Doon Theological Journal 1.2 (2004)

Ecclesiastical and ascetic fasting: an important difference in the history of the church - William Isley

Isley argues that the ecclesiastical fasts maintained and practised in some church traditions according to the ecclesiastical calendar, unlike ascetic fasts, continue the New Testament understanding of fasting. He says, “The ecclesiastical fasts preserve Jesus’ teaching better than does the fasting of Christian ascetics.” This is perhaps an eye-opener to those belonging to the free, independent and charismatic church traditions where ascetic fasting still holds sway in asserting purity, holiness and is understood as a means to gain God’s favour.

Ecumenism, Exclusivism, and National Church: Approaches in the Presbyterian Churches of India to    the Concept of Ecumenism - Matthew Ebenezer

This article examines historically and critically the three approaches in the Presbyterian churches of India to the concept of ecumenism. The paper unravels the neglected history of the Presbyterian churches and the sacrificial contributions of these churches toward the church union in India. Ebenezer examines the issue of identity of the Presbyterian churches and as an insider laments over the losses incurred by the Presbyterian churches over union. He thinks that ecumenism was suicidal to the Presbyterian churches in matters relating to their identity.

The Revised Christology of Stanley J. Samartha: A Critique – E. V. Kuriakose

This is a critical reading of eminent Indian Christian theologian, Stanley Samartha, from an evangelical, missiological and theological perspective. The author finds that Samartha proposes a revision of the historic Christology to install Jesus of Nazareth into his pluralistic framework, which has resulted in a reductionism in his interpretation of the Scripture. In Kuriakose’s view, Samartha’s theo-centric Christology is a centreless Christology, for it is fastened to an indefinable, abstract ‘Mystery,’ which is a Christology without any foothold. He concludes that the revised Christology of Samartha, which aims at bringing religious harmony in society, is neither faithful to the biblical revelation nor to the historic understanding of Jesus Christ.

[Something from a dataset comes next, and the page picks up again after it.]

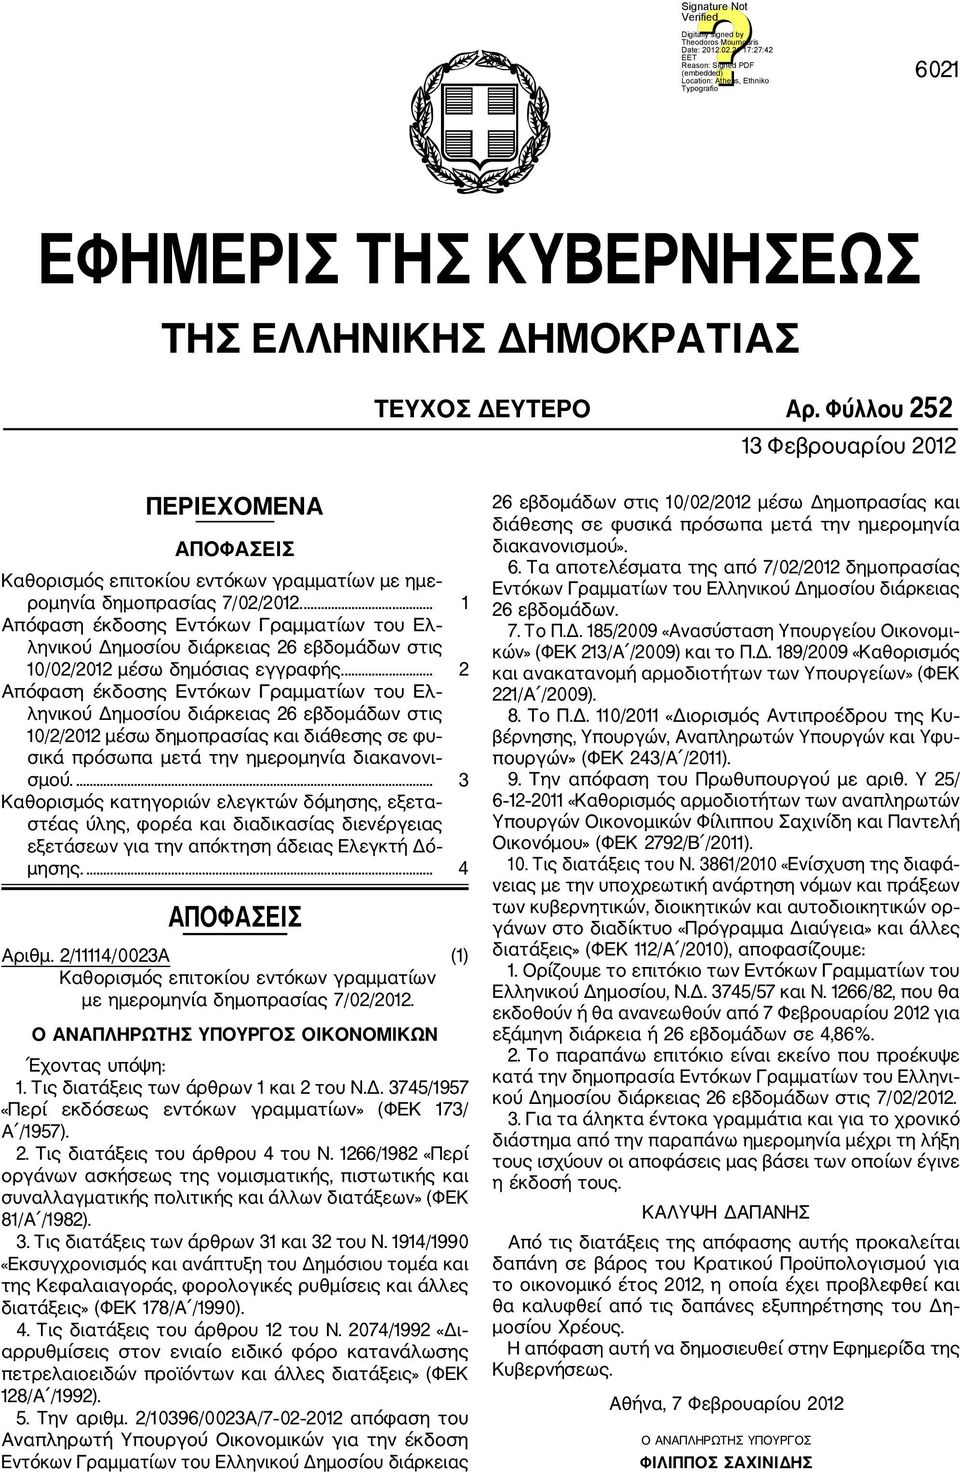 ... 1 Απόφαση έκδοσης Εντόκων Γραμματίων του Ελ ληνικού Δημοσίου διάρκειας 26 εβδομάδων στις 10/02/2012 μέσω δημόσιας εγγραφής.

Cultural Nationalism and its Challenges to the Church and its Mission in India - C. V. Mathew

This article on “Cultural Nationalism” explores the origin of Hindu cultural nationalism in India, which, in his view, is an unfortunate aftermath of the British Raj and Indian nationalism. Mathew thinks that cultural nationalism, as it is promoted by the Sangh Parivar, is bent on diluting the cultural identity of Christians, their theology and traditions. Therefore, he challenges the Indian Christians to assert a space where they could be both authentic disciples of the Lord Jesus Christ (‘World Christians’) and at the same time patriotic citizens (‘national Christians’) of India.

Theological Education in India Today: Training for a Relevant Ministry – K. J. Kuriakose

This paper explores the current state and relevance of theological education in India. It is an appraisal of theological training with a view to challenge the existing ministerial training. He thinks that theological education in India still depends on western forms of training. The paper sheds light on other hindrances like dearth of good libraries, practically experienced faculty, dependence on obsolete curriculum and methods of learning and exclusion of laity from training. According to the author, for a relevant ministerial training there should be sufficient involvement of the whole people of God in training and change in the curriculum.